***Replication Code for Graduate Student Satisfaction Survey with Anonymized Data***
*03/09/23*

***IMPORTANT***
***This version addresses a data cleaning error and an error in coding that affected the experimental analysis in the original article and replication data

*The data used in the article's analysis contains information that could identify individual survey takers. All of this information has
*been dropped from the publicly available anonymized dataset. This code assumes that you are using the publicly available anonymized
*dataset.
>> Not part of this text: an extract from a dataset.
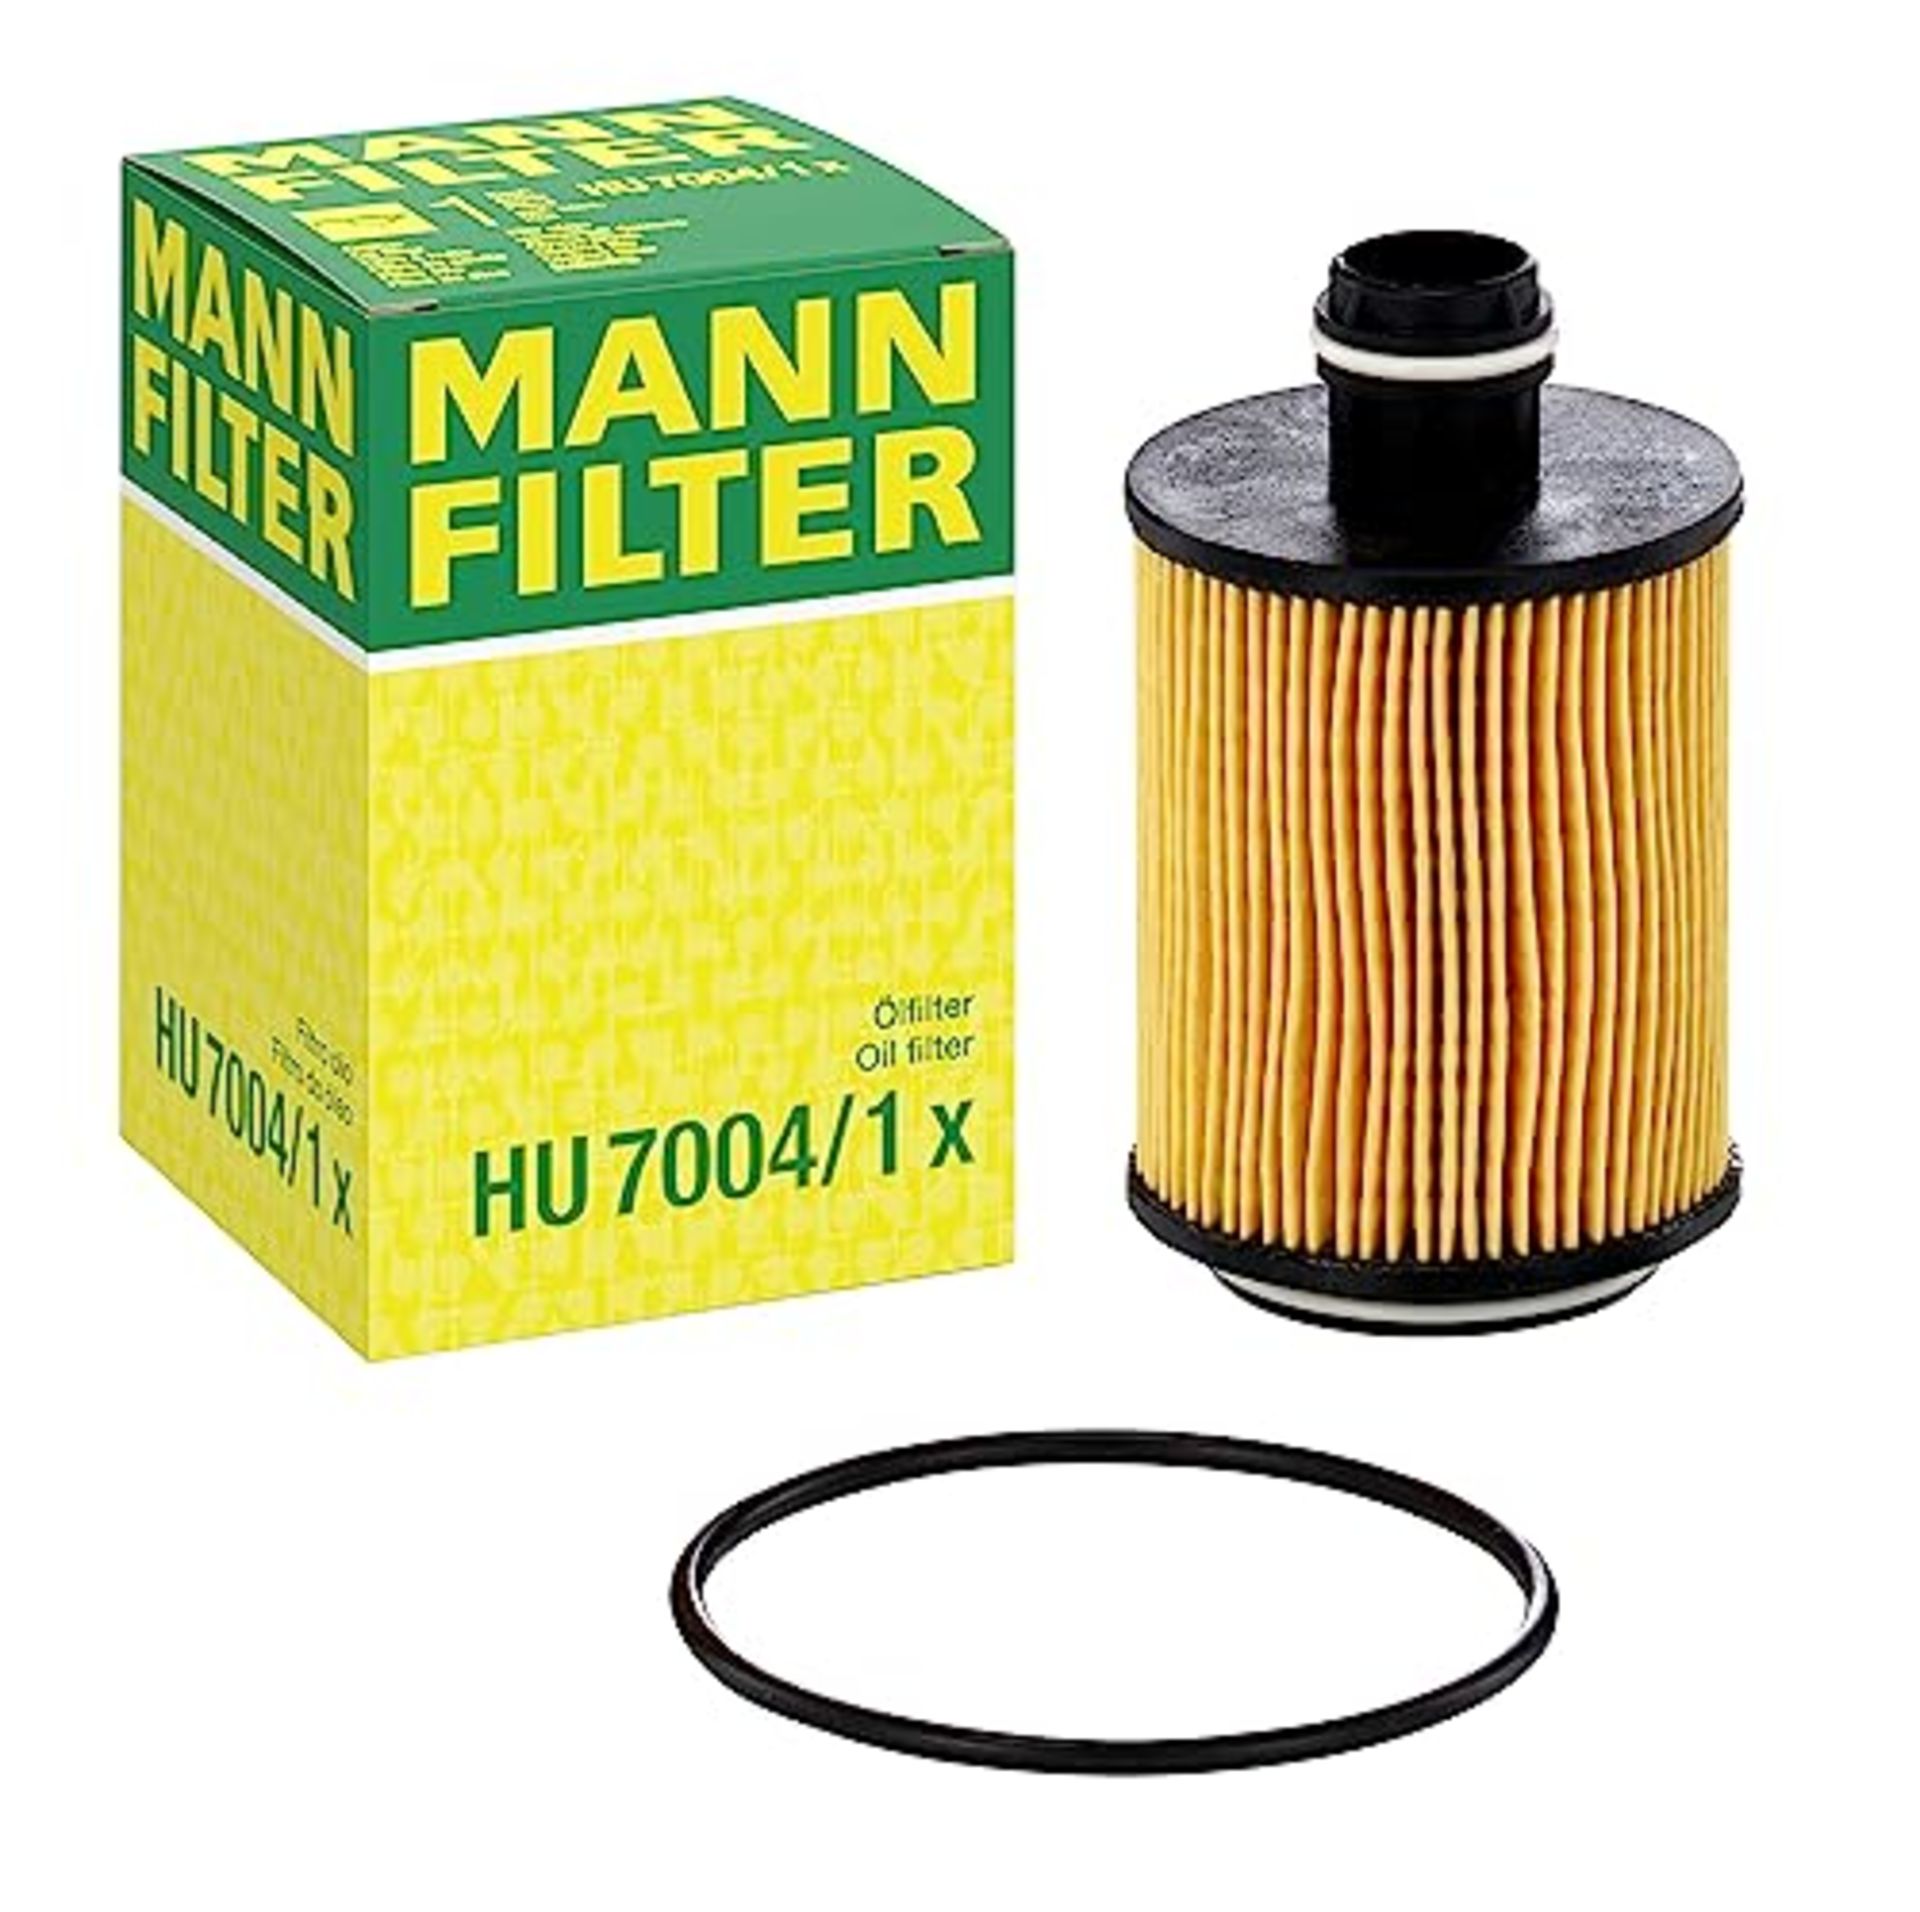 MANN-FILTER HU 7004/1 X Oil Filter Oil Filter Set with Gasket / Gasket Set  For Pas

Commands that require the full dataset are listed as comments here so that you can see what we did. 

***Why we drop specific variables***
*We dropped all open-ended answers because some responses contained identifying information.
*We dropped race because some categories had few people and individuals could be identified by race and, for example, harassment experience.
*We dropped gender because the trans category had few people and they could be identified with other pieces of data.
*We dropped university/program and rank because some had only a few respondents that could be identified with other pieces of data.
*We dropped we dropped user data including country of origin for privacy.
*We dropped age because some ages had only a few respondents that could be identified with other pieces of data.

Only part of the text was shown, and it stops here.